WEDNESDAY, FEBRUARY 21 | Concurrent Sessions: Track 2
8:00 AM - 9:00 AM The Delaware Bayshore Approach: Engaging Partners to Support Wildlife Viewing and Nature Tourism Anthony Gonzon, Delaware Division of Fish & Wildlife The Delaware Bayshore Initiative, a program managed by the Delaware Division of Fish & Wildlife, has three objectives: habitat conservation, protection and restoration; providing and enhancing outdoor wildlife-dependent recreation; and building stronger communities through improved access to natural resources and ecotourism. Accomplishing these objectives requires effective outreach and partnership development accompanied with the capacity to provide improved access and wildlife viewing opportunities that serve to foster public appreciation and support for wildlife and habitat conservation. Further, effective partnerships can generate support for funding opportunities to accomplish the initiative’s objectives leading to increased ecotourism and stronger economies in local communities. One example of finding a creative opportunity for public engagement, outreach and communication is the success of the Delaware Bayshore Byway. As part of our strategy to achieve the objectives of the Delaware Bayshore Initiative, we are working collaboratively with the Delaware Department of Transportation to provide improved access, wildlife viewing enhancements, interpretive signs and other wayfinding materials along the Delaware Bayshore Byway to attract and promote wildlife viewing and nature tourism. The Byway example and other examples of collaborative partnerships will provide insight into developing and fostering important partnerships to promote conservation, wildlife viewing and nature tourism; novel approaches to successfully obtaining funding; and building strong conservation and community support to provide access and facilities that support ecotourism and local economies.

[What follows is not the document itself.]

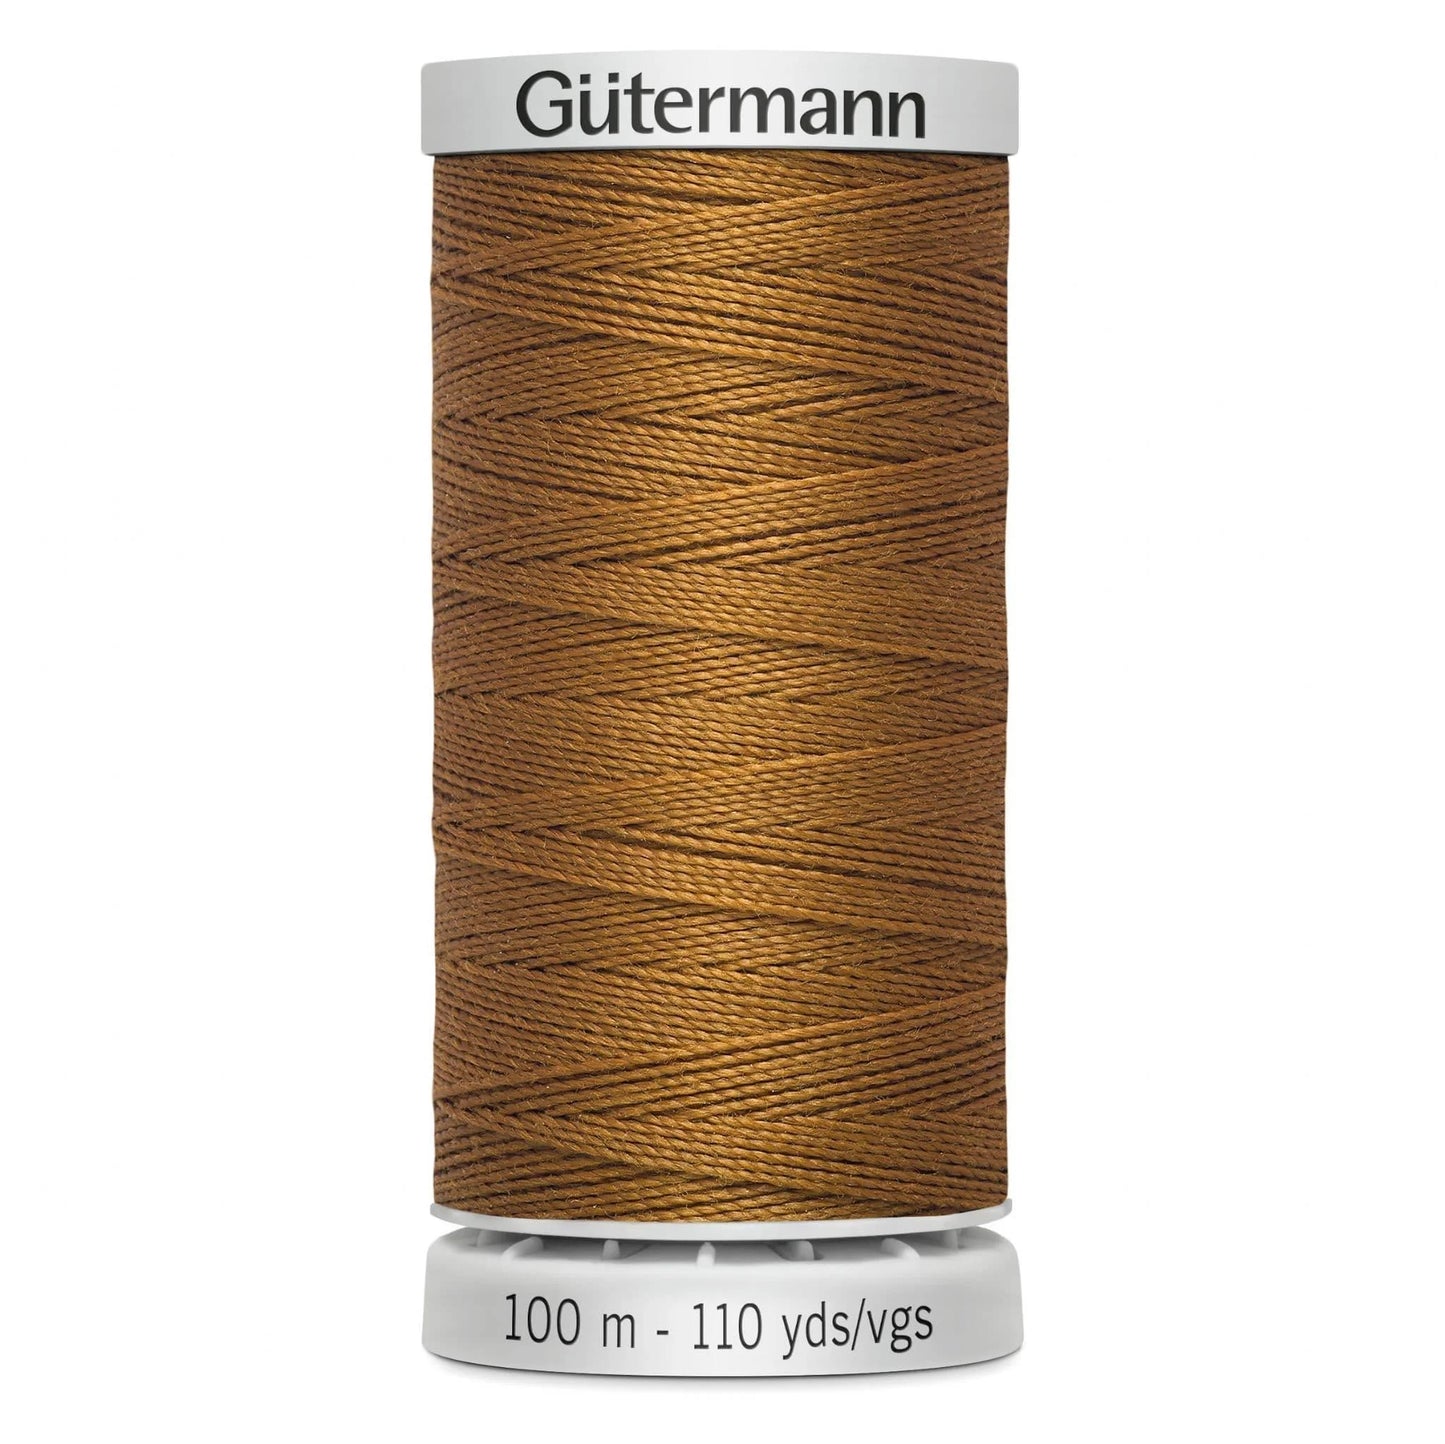 448 Gutermann Extra Strong Thread 100m - Light Brown

9:00 AM - 9:30 AM There's No "I" in “Team” - But There Are Some in “Technical Assistance Group” Whitney Gray, Florida Fish and Wildlife Conservation Commission A Technical Assistance Group can be a great asset to your efforts to encourage wildlife viewing. Gathering input from representatives of your major user groups and partners can help you make decisions that best serve the public. It's important, though, to make sure that you keep your TAG members engaged but not overworked, feeling involved and not like a rubber stamp for decisions you've already made. We set expectations from the beginning by naming the group appropriately as a Technical Assistance Group, different from a Steering Committee, advisory group, or other entity that might be perceived to have decision-making authority. We carefully consider what items to bring to the TAG, and at what stage in any decision-making process. This presentation will cover why and how those standards were set. Like any volunteer group, the 80/20 rule will apply to some degree. Care and feeding are necessary, and we’ve built that into work plans to make sure it doesn’t slip through the cracks. There will be time to share best practices and volunteer “cautionary tales” from the audience.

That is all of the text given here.